[GIVEN MATERIAL Boundary: Start]

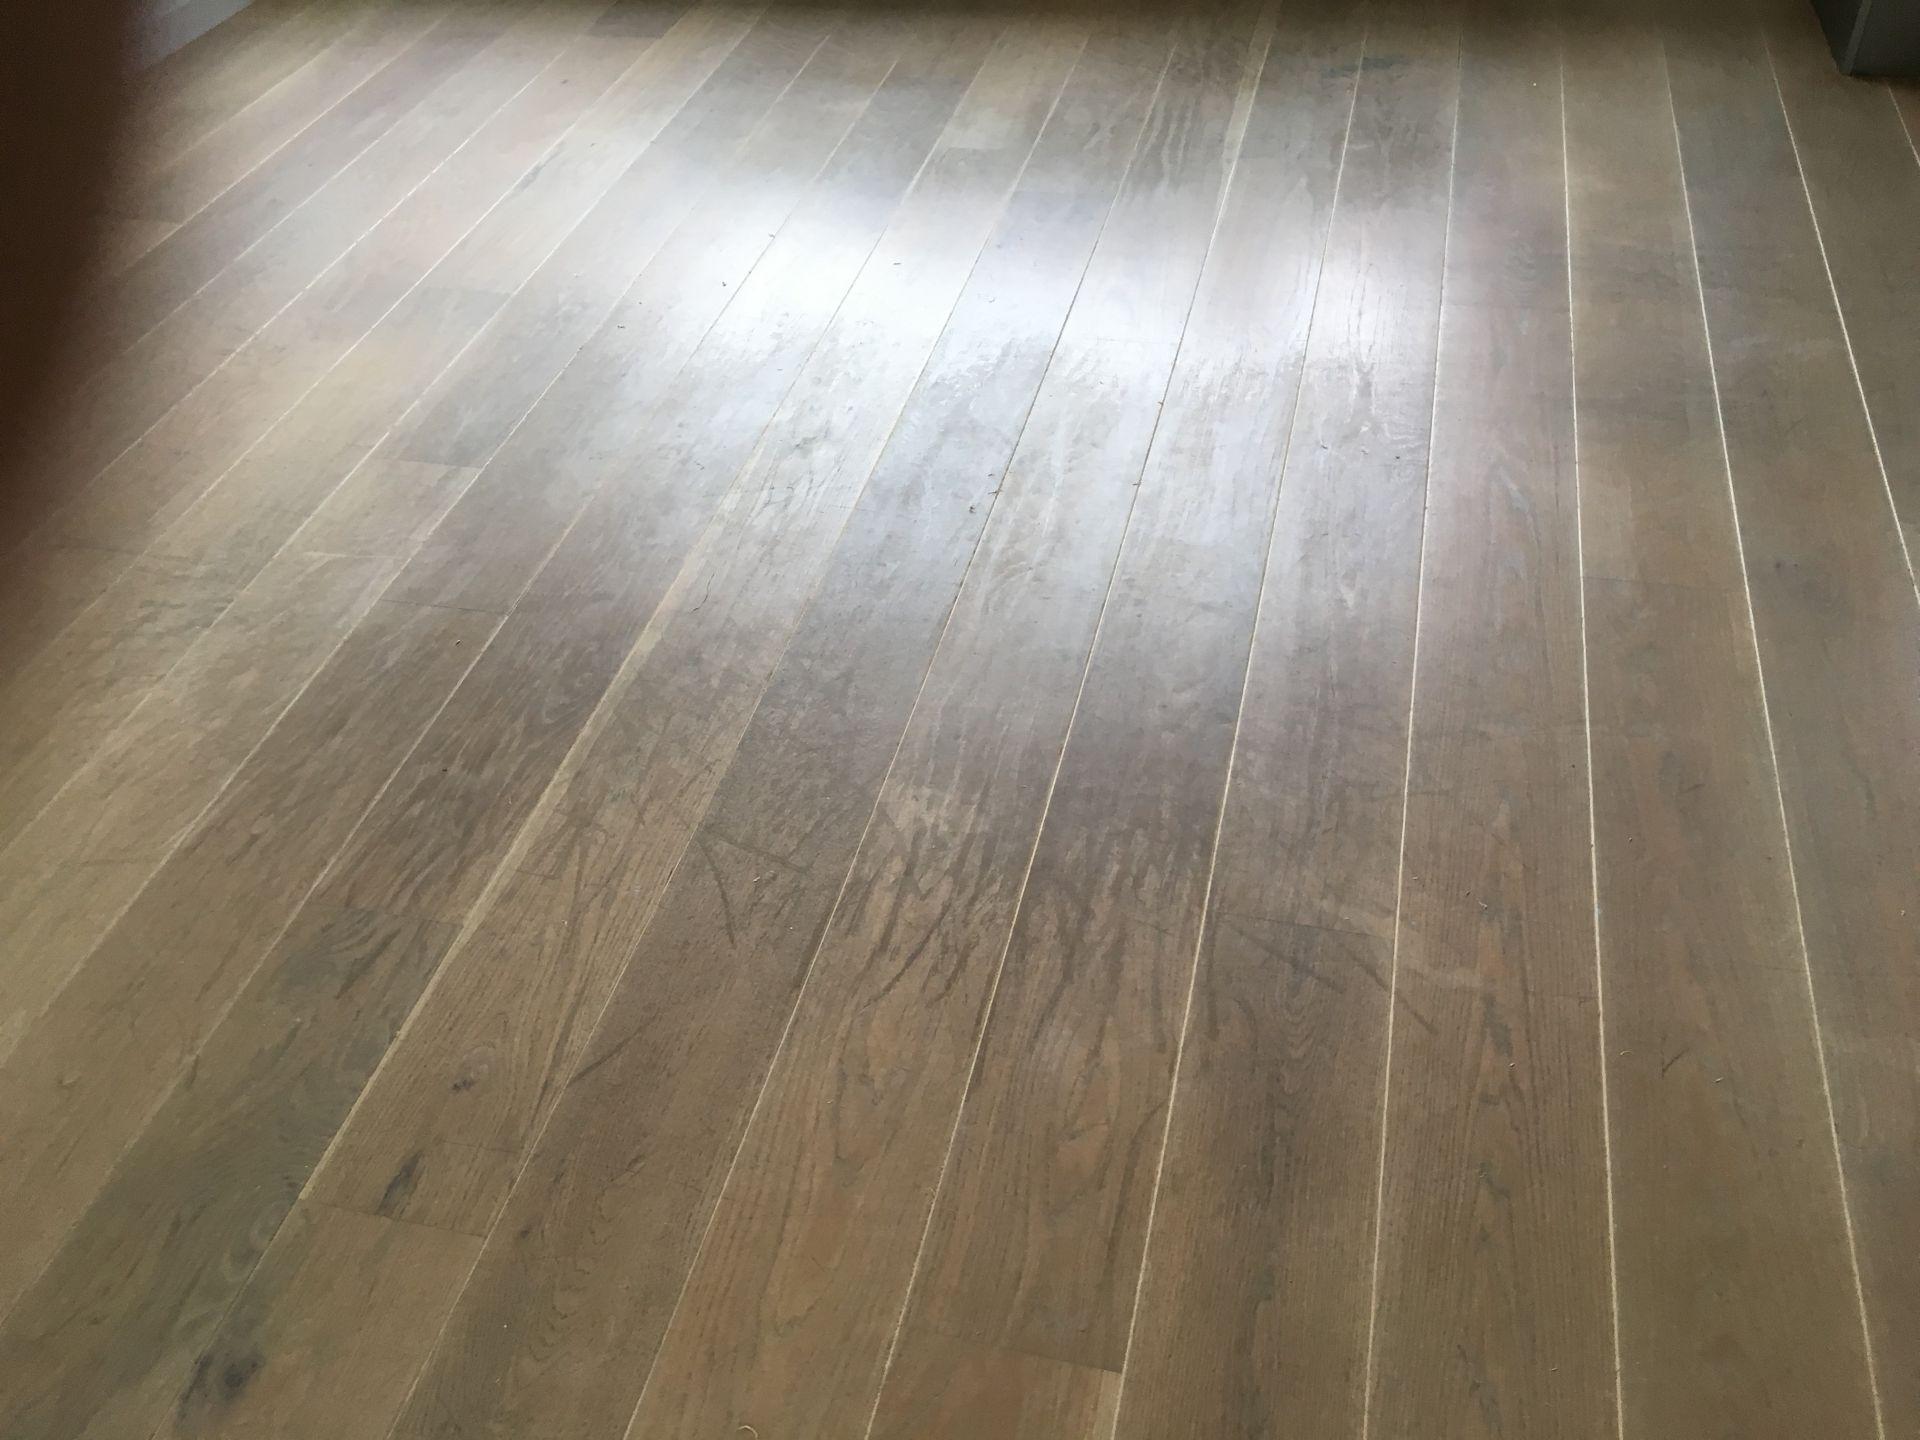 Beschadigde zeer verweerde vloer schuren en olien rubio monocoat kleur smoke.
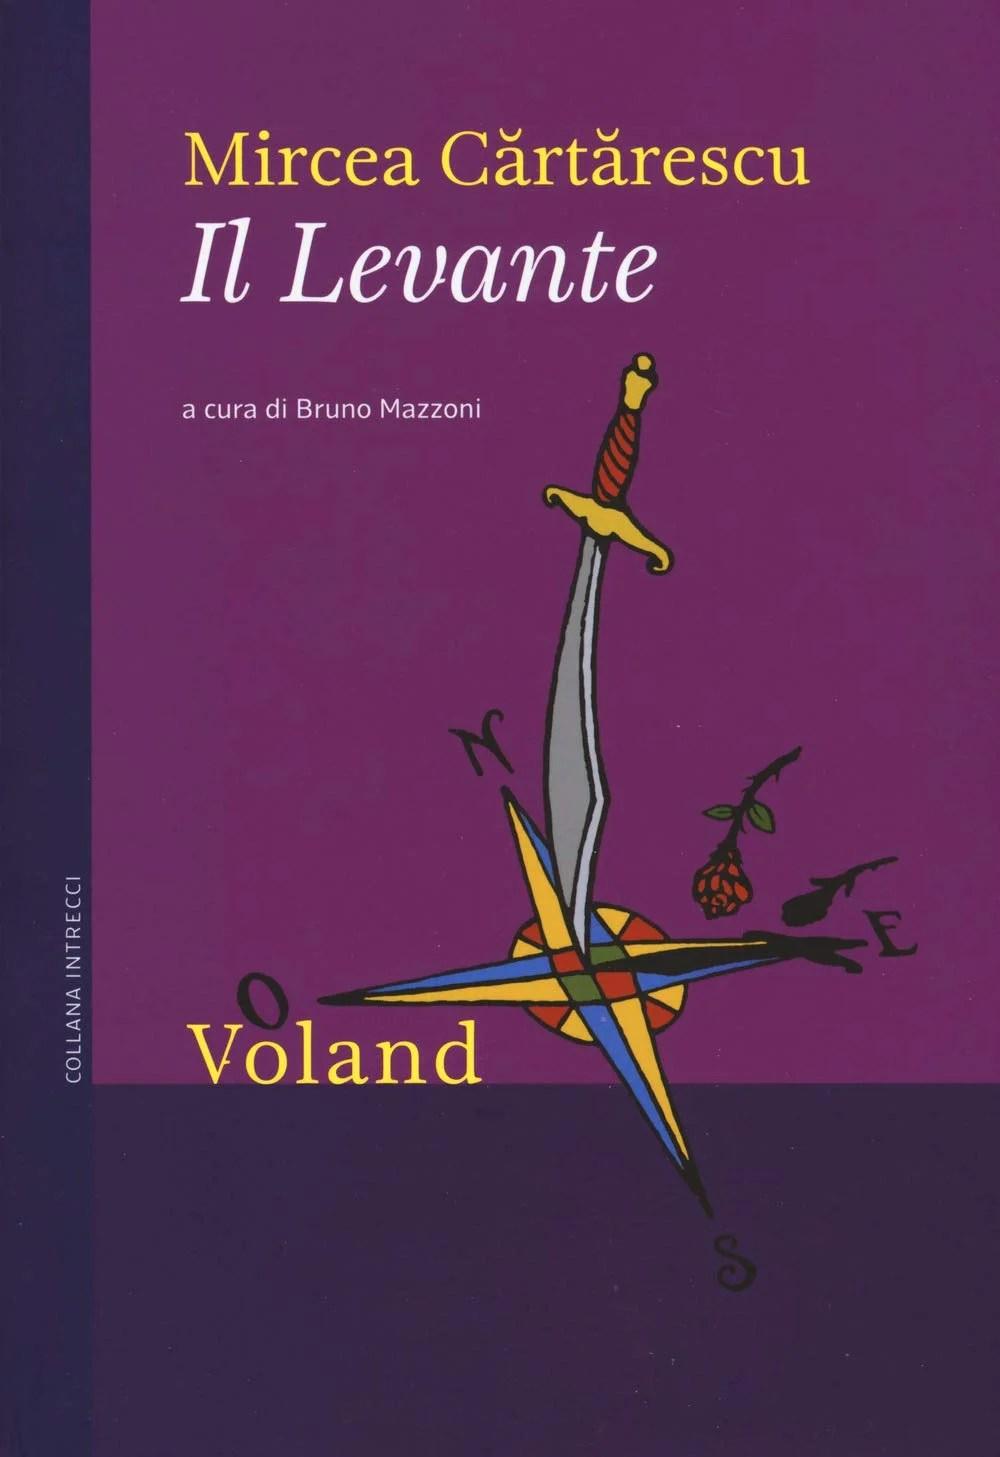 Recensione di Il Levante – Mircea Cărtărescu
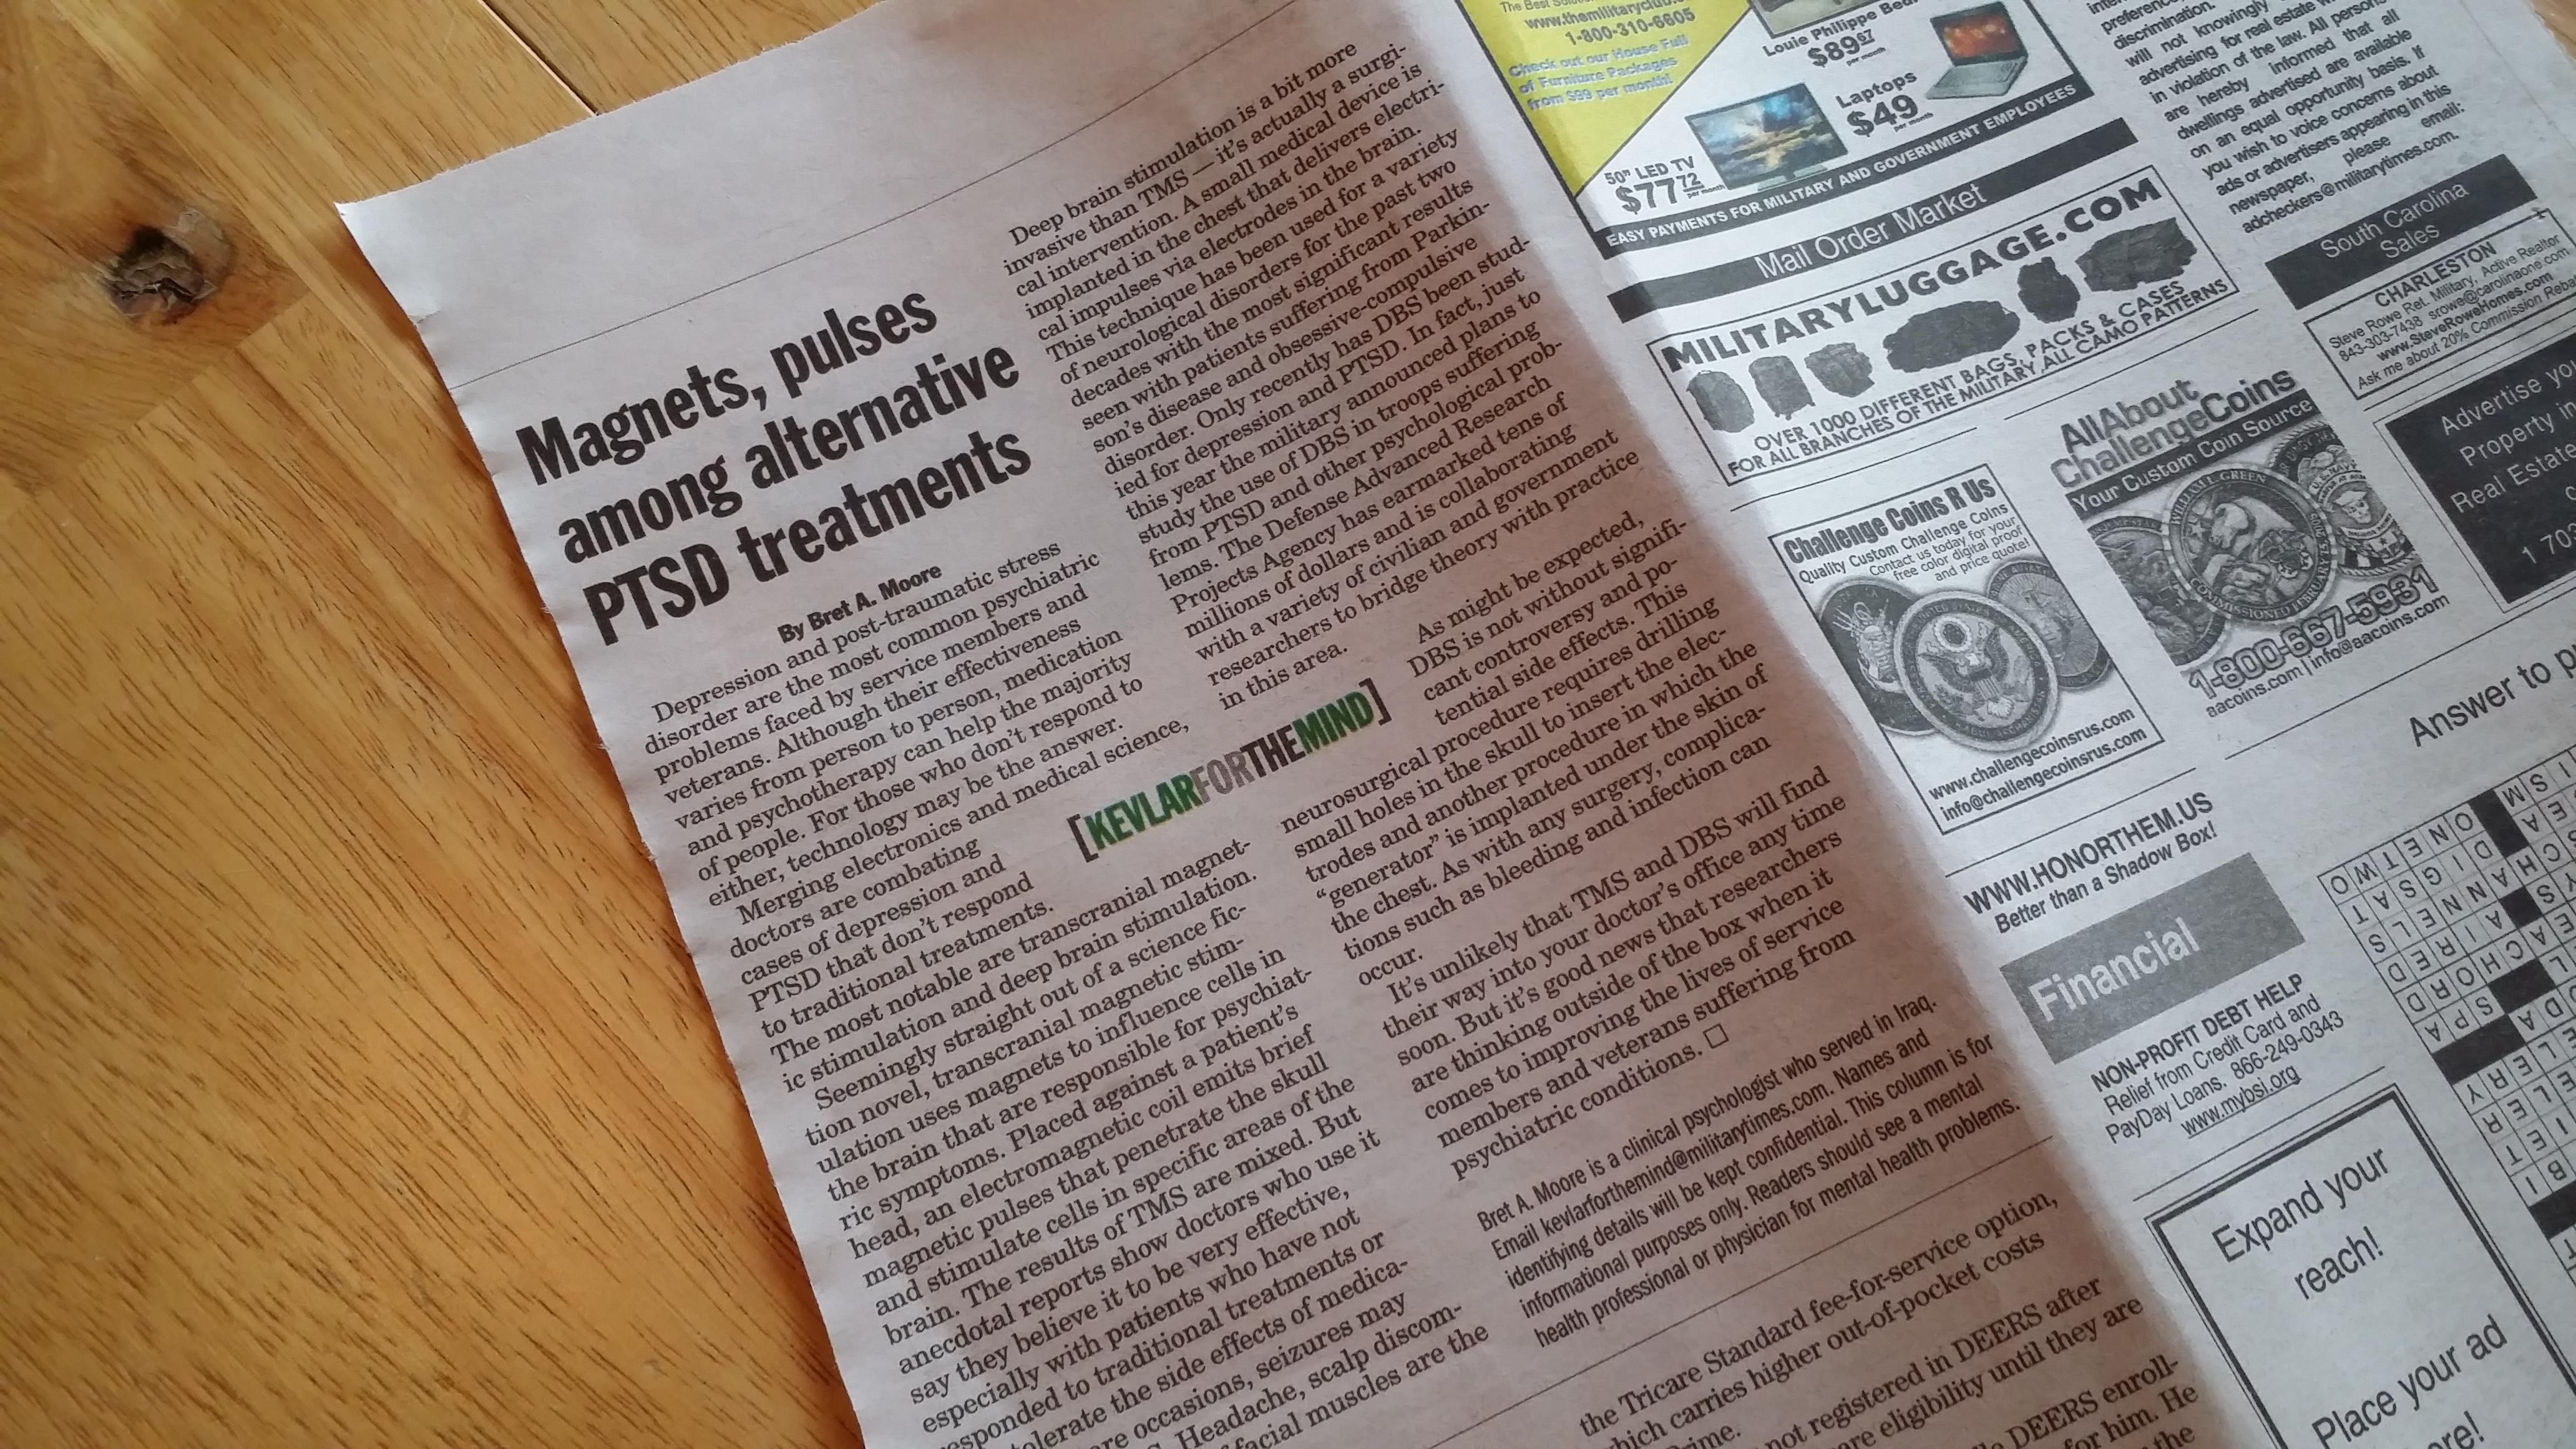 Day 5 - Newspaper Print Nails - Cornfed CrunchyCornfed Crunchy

[GIVEN MATERIAL Boundary: End]

** PROBLEM **
Reproduce the data exactly, please, and omit its pictures.

** EXERCISE ANSWER **
 Beschadigde zeer verweerde vloer schuren en olien rubio monocoat kleur smoke.
 Recensione di Il Levante – Mircea Cărtărescu
 Day 5 - Newspaper Print Nails - Cornfed CrunchyCornfed Crunchy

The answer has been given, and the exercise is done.